Cladonia at the Tree Museum





The Tree Museum is the name given to a 200-acre area of land in the Muskoka region of Ontario, close to Gravenhurst. On this land is an outdoor art gallery of site-specific installations. It’s open to anyone who wants to walk in the woods and have a look at the artwork. It’s a beautiful landscape with a long wide trail through the mixed forest which passes a big beaver dam, large areas of exposed rock and mixed woods and eventually comes to the shore of a lake. There’s a small house by the lake which someone once lived in which is now being used as indoor gallery and office space. I have often walked on this land, spending half days here just enjoying the beauty of the place.



The Muskoka region is part of the Canadian Shield, a huge area which encompasses most of the eastern half of Canada. It’s characterized by the ancient bedrock that has surfaced from its position beneath the more recent rock formations due to the shifting and colliding of continents. The rock here is at least half a billion years old, which is much older than the rest of the crust of eastern North America. There are mixed hardwood and softwood forests interspersed with very many clear lakes. The exposed rock of the Tree Museum is mostly granite, fissured and eroded into the gentle curves and hills of the smooth old skin of the earth.

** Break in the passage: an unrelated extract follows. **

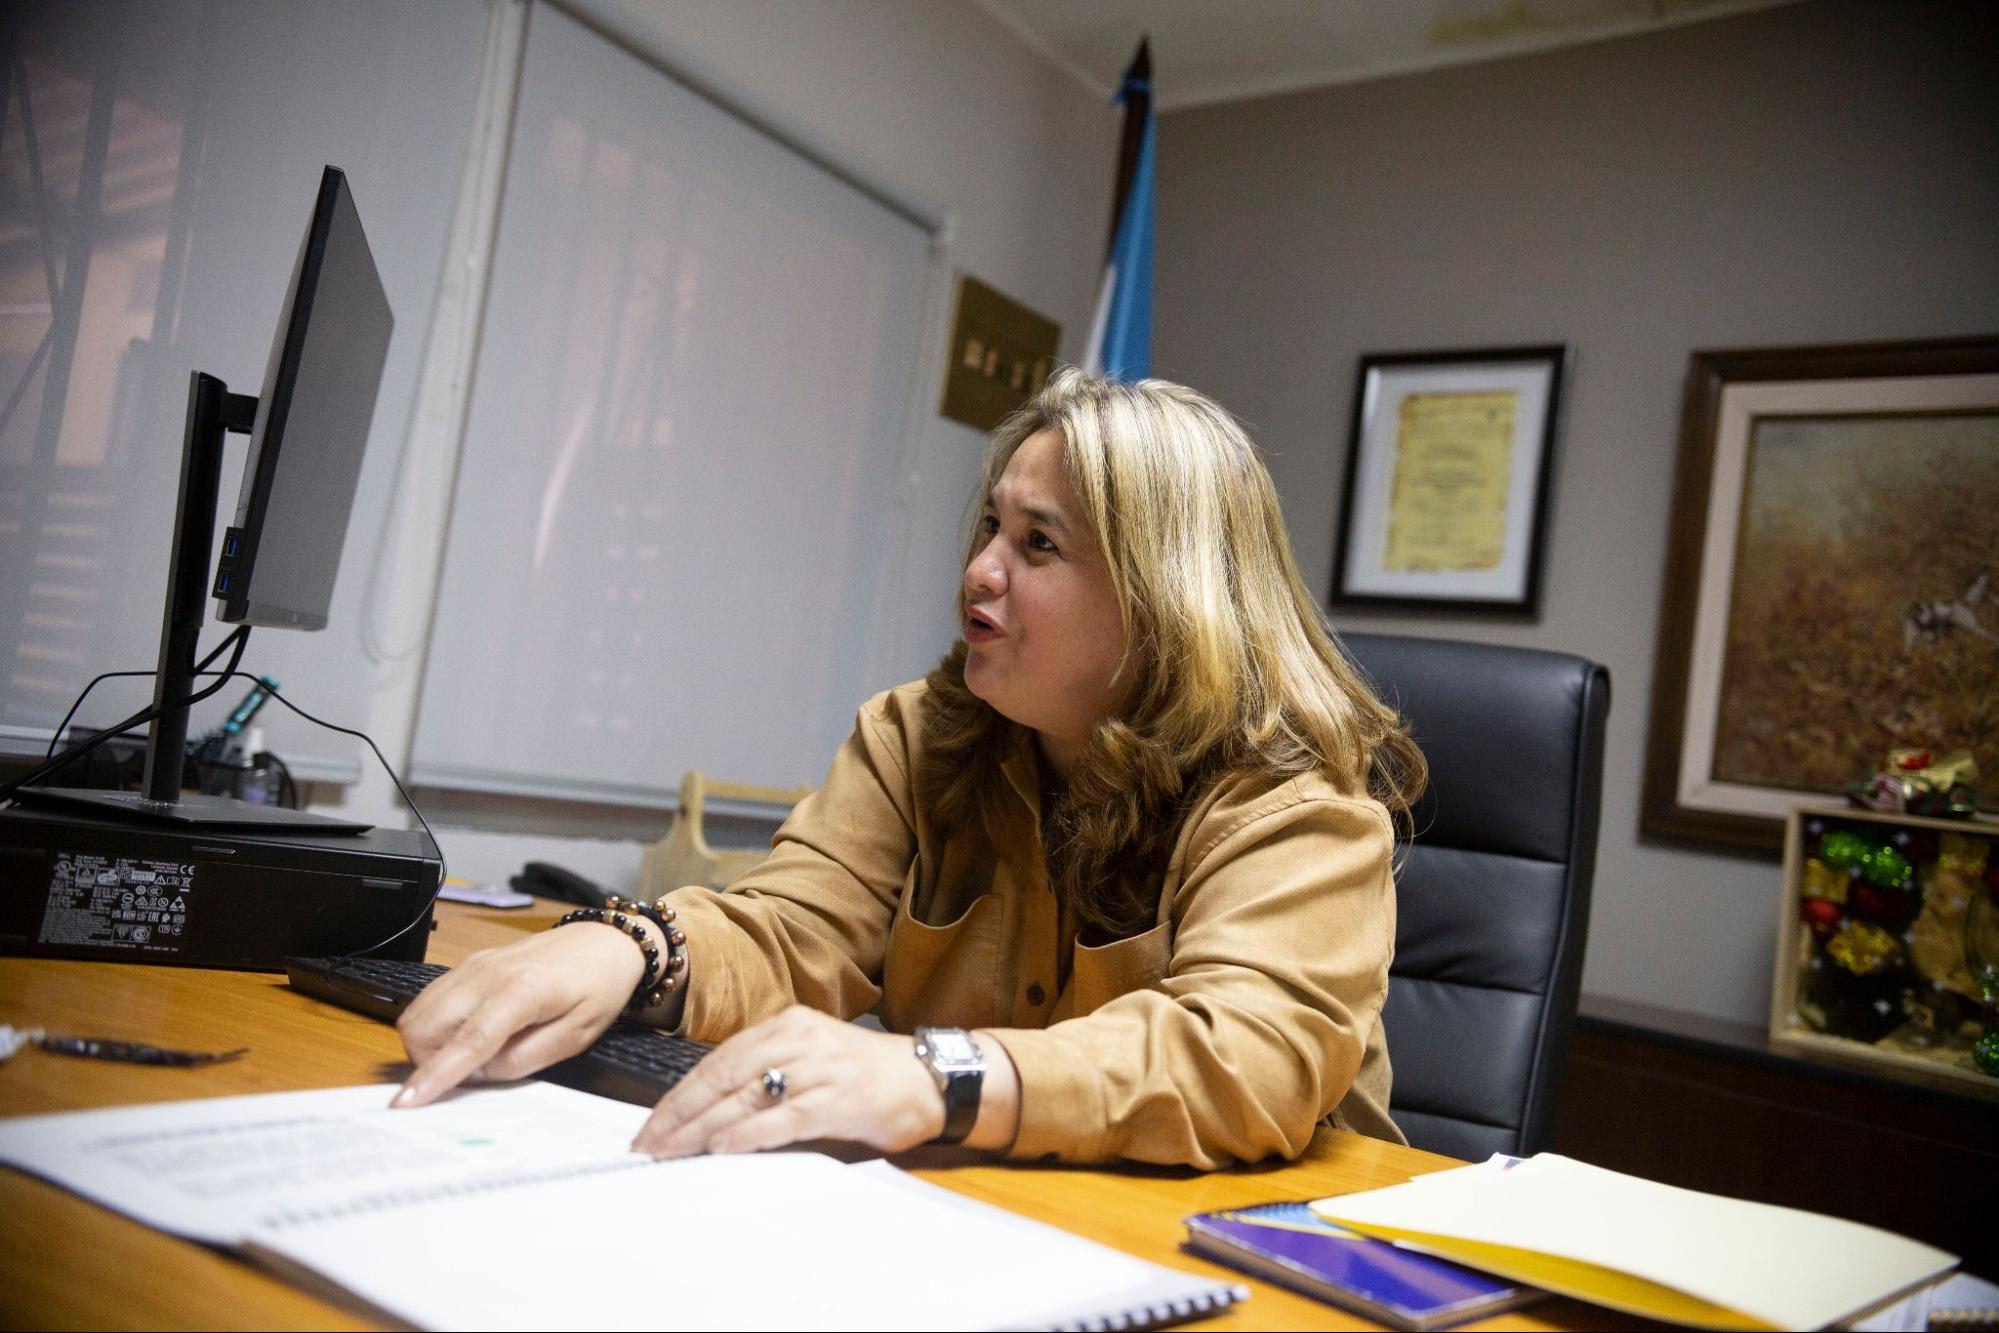 La viceministra de Seguridad, Julissa Villanueva muestra los informes que preparó durante su breve paso como inventora del sistema penitenciario. Foto CC/Fernando Destephen

Mosses and lichens have proliferated in the depressions of rock where a bit of soil has built up. Other lichen species are growing directly on the rock itself, or on the trunks and branches of trees. There are so many different species of Cladonia here - more than I've ever seen in one area - so I decided to photograph them as I discover them and show them here. This is ongoing work - each time I return I find species that I hadn't previously noticed.
Zooming in on a rock shows a whole community of different Cladonia species.